### WHAT THE EXERCISE ASKS
Word for word, restate the lines from the one holding "US Revolutionary Infantryman, 1780" through the last line of the material below, and leave every picture out.
___ SUPPLIED DATA
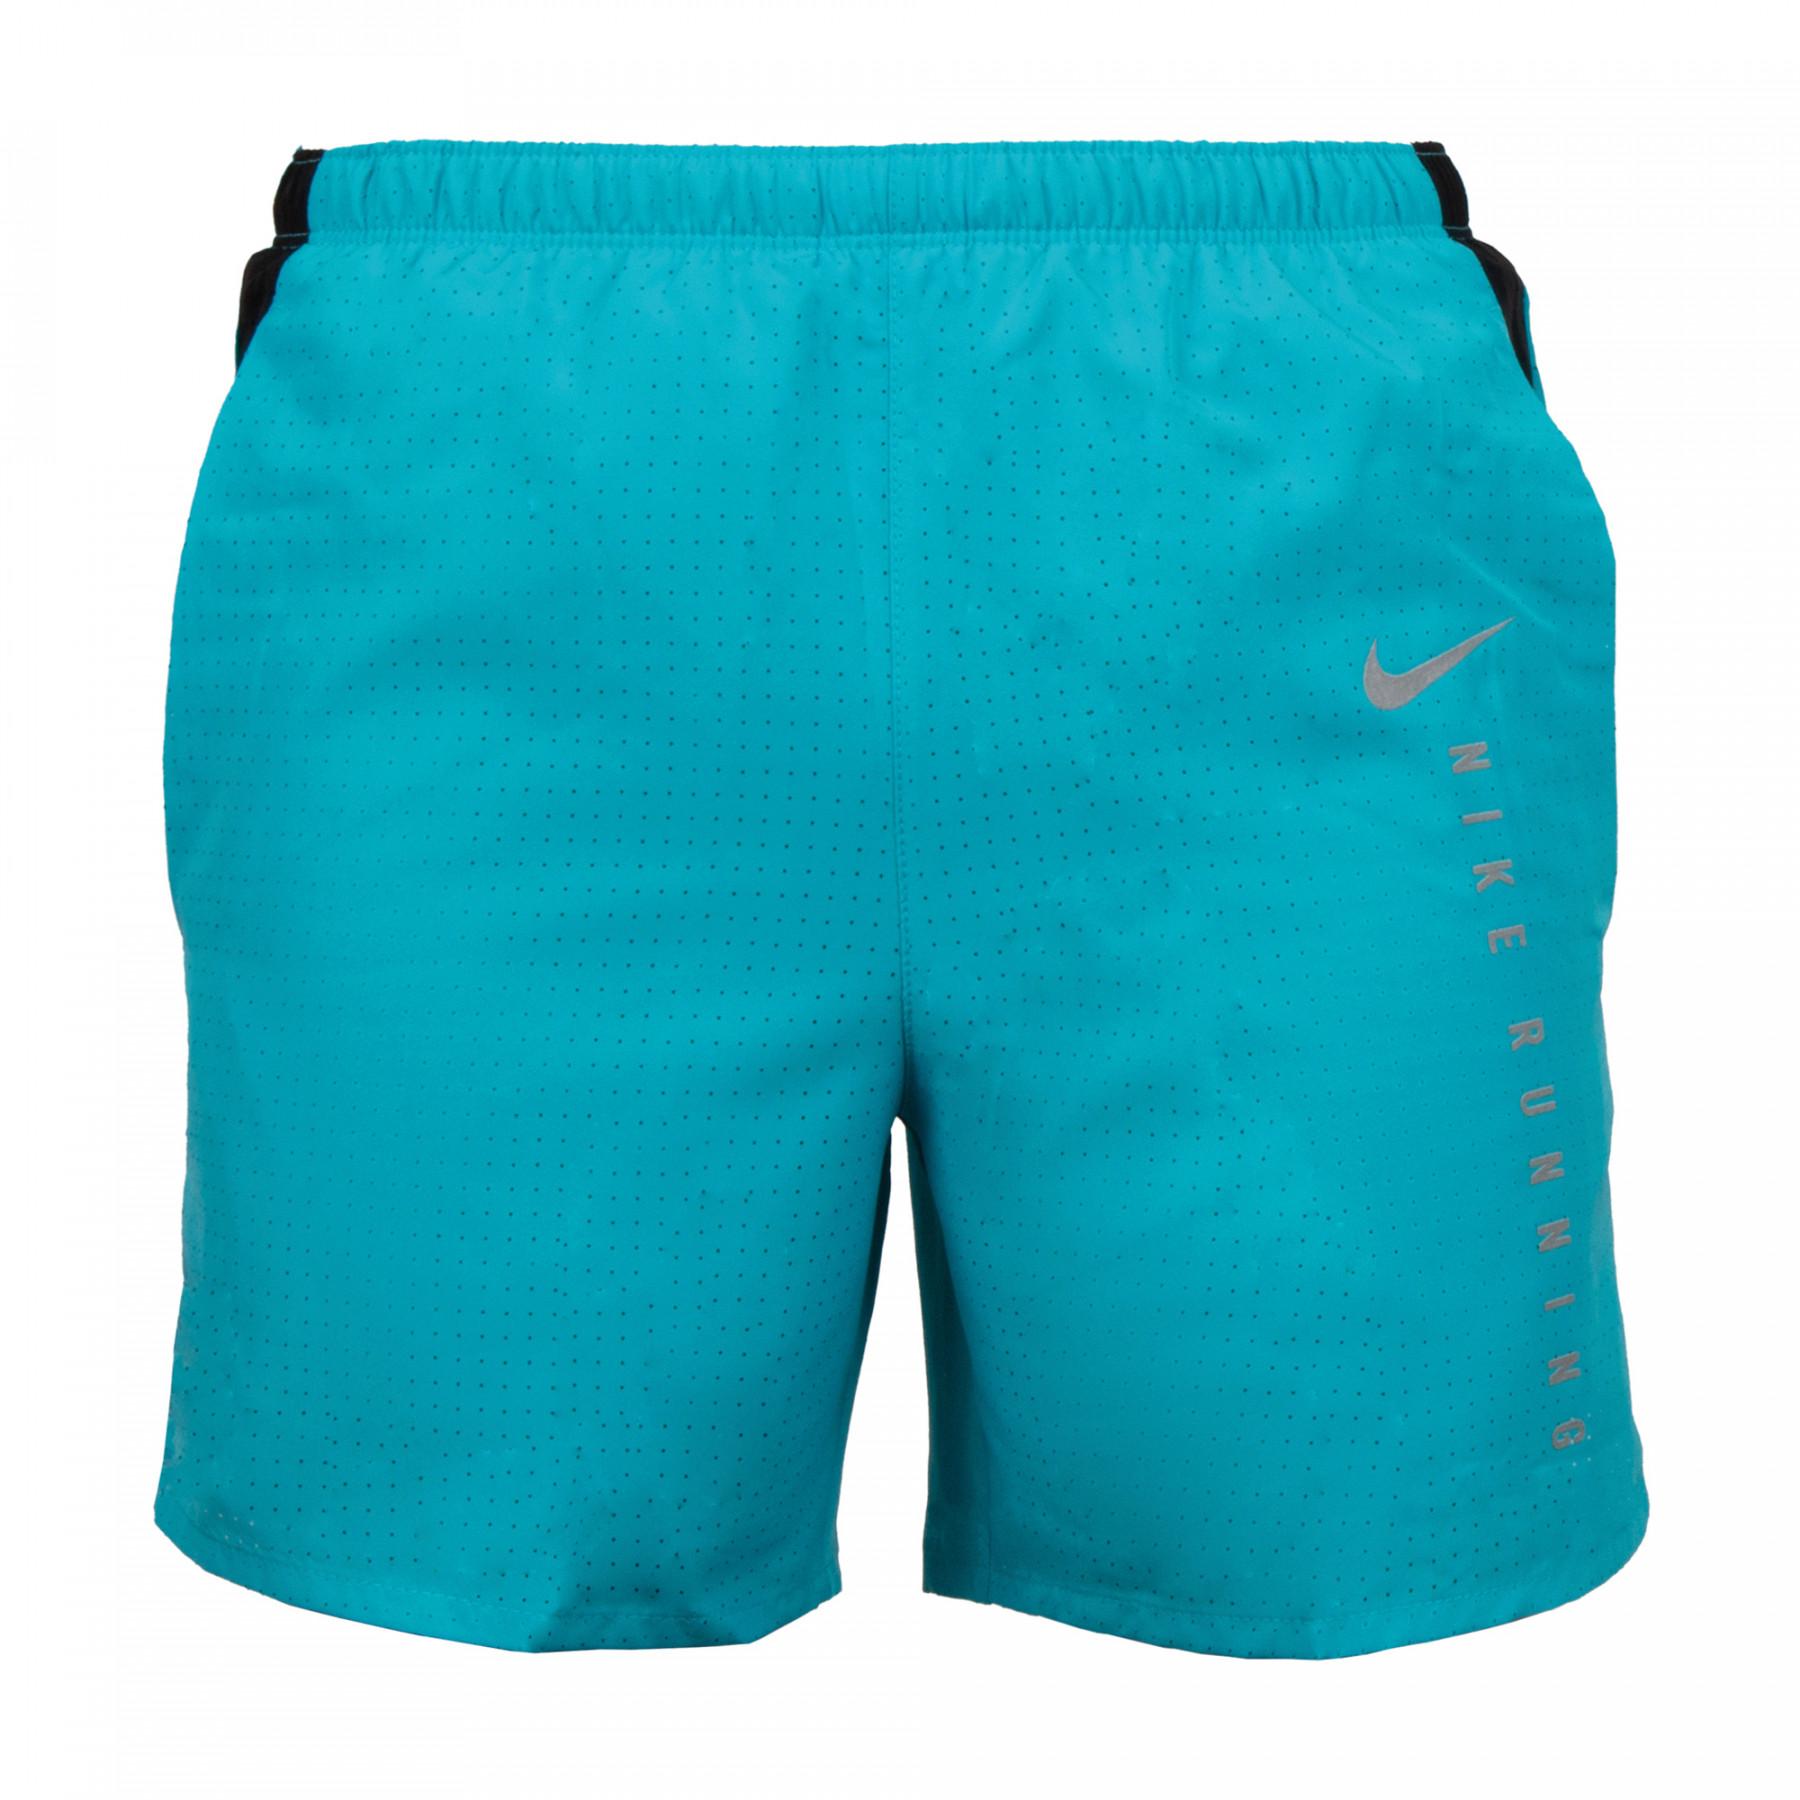 Blauw runningshort Nike Challenger Run Division - DA1310-447
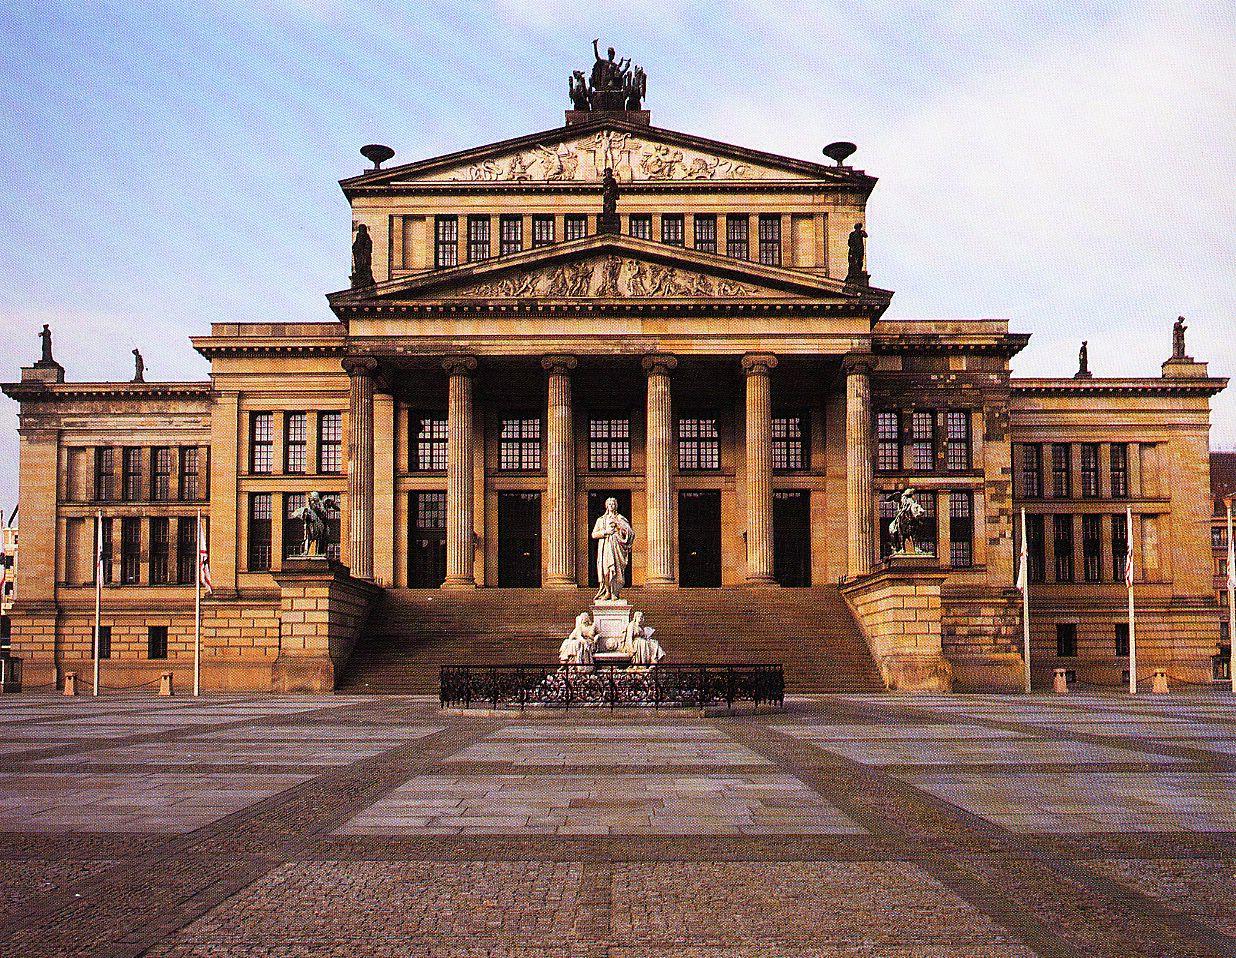 shinkel-teather berlin
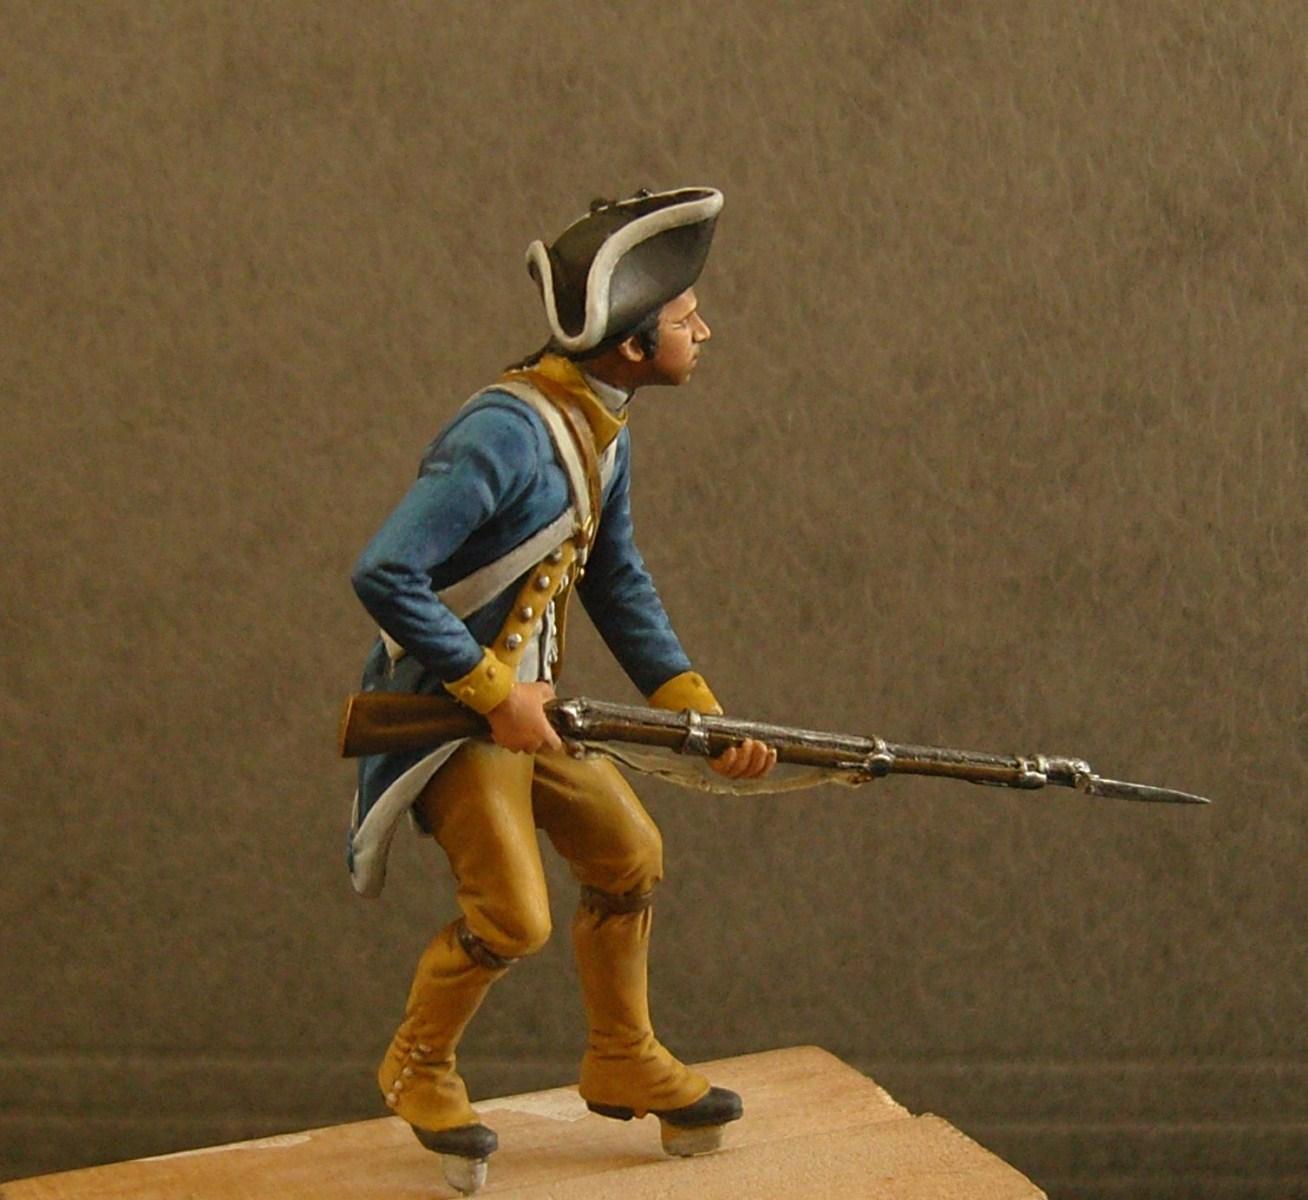 US Revolutionary Infantryman, 1780 - Page 7 120226033338699799494554
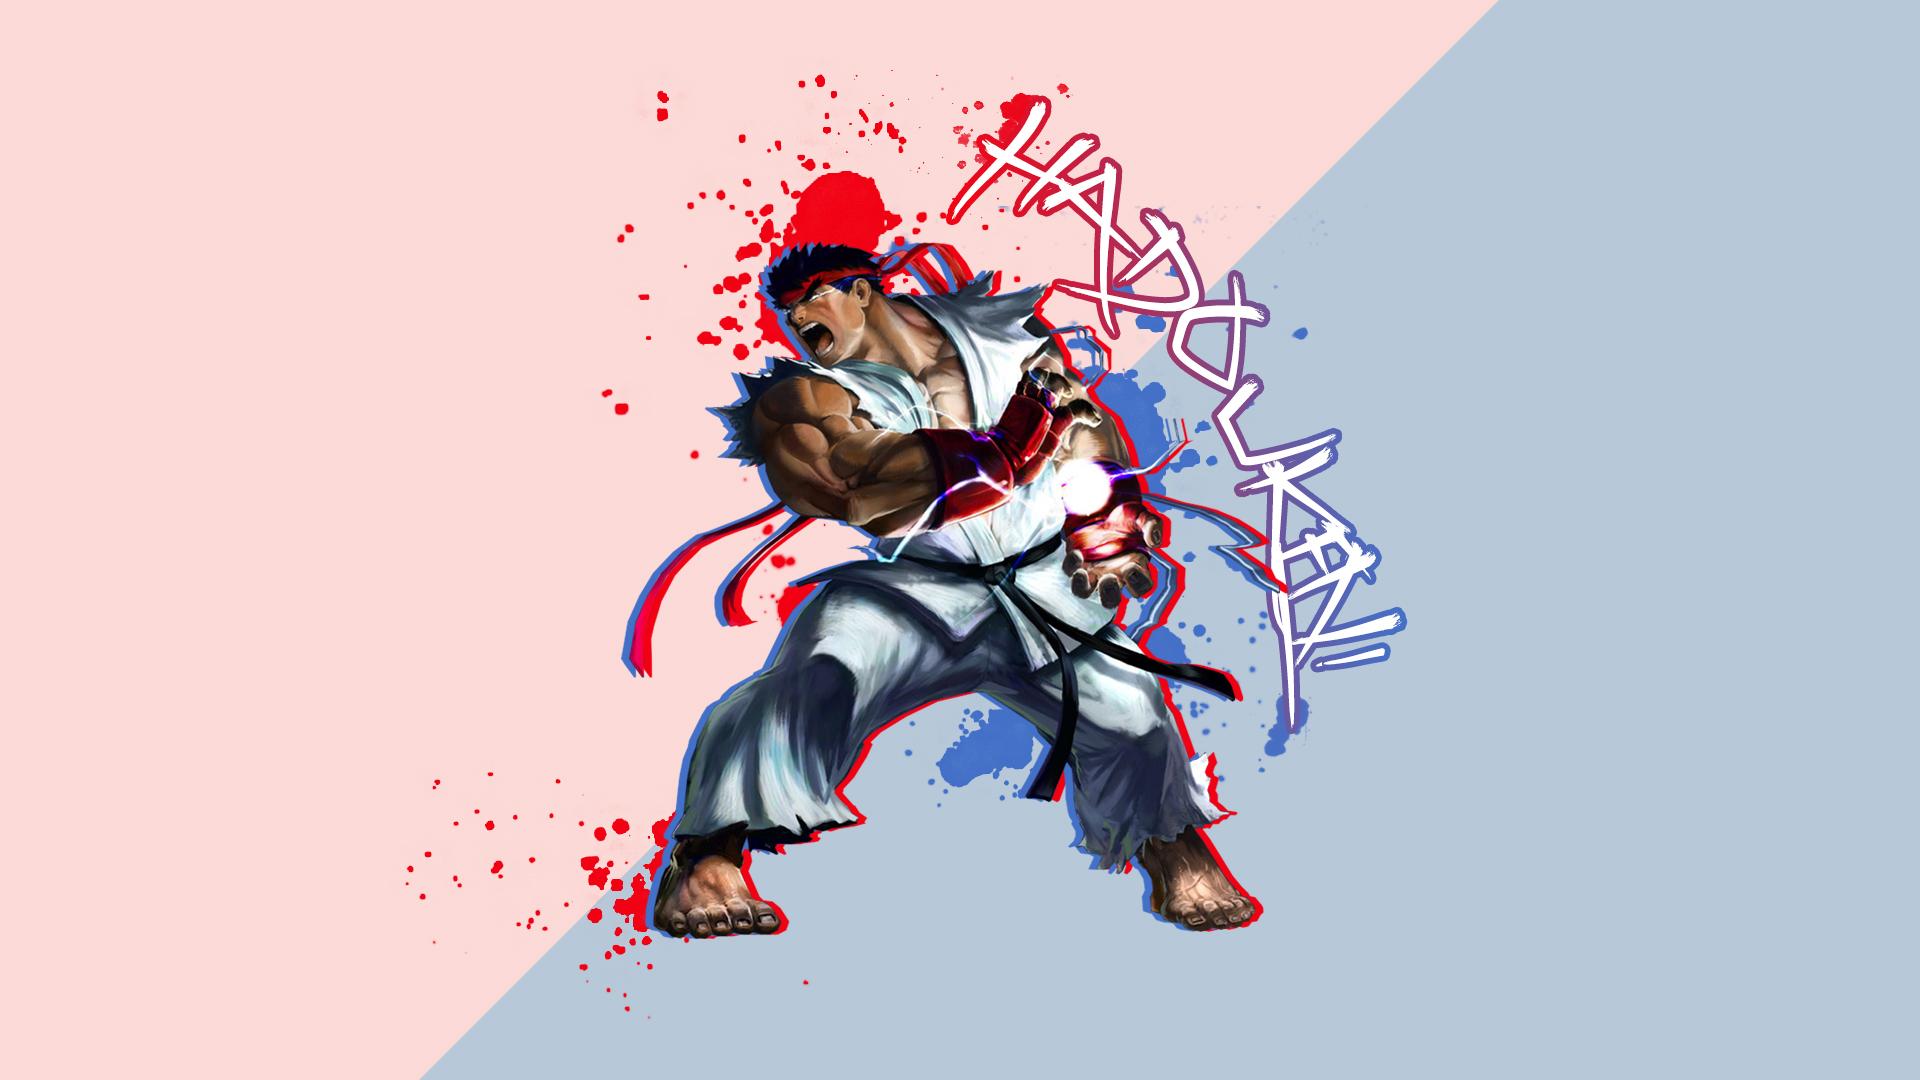 Ryu - Hadouken Wallpaper by Risurp on DeviantArt
______
### RESULT OF THE TASK
 US Revolutionary Infantryman, 1780 - Page 7 120226033338699799494554
 Ryu - Hadouken Wallpaper by Risurp on DeviantArt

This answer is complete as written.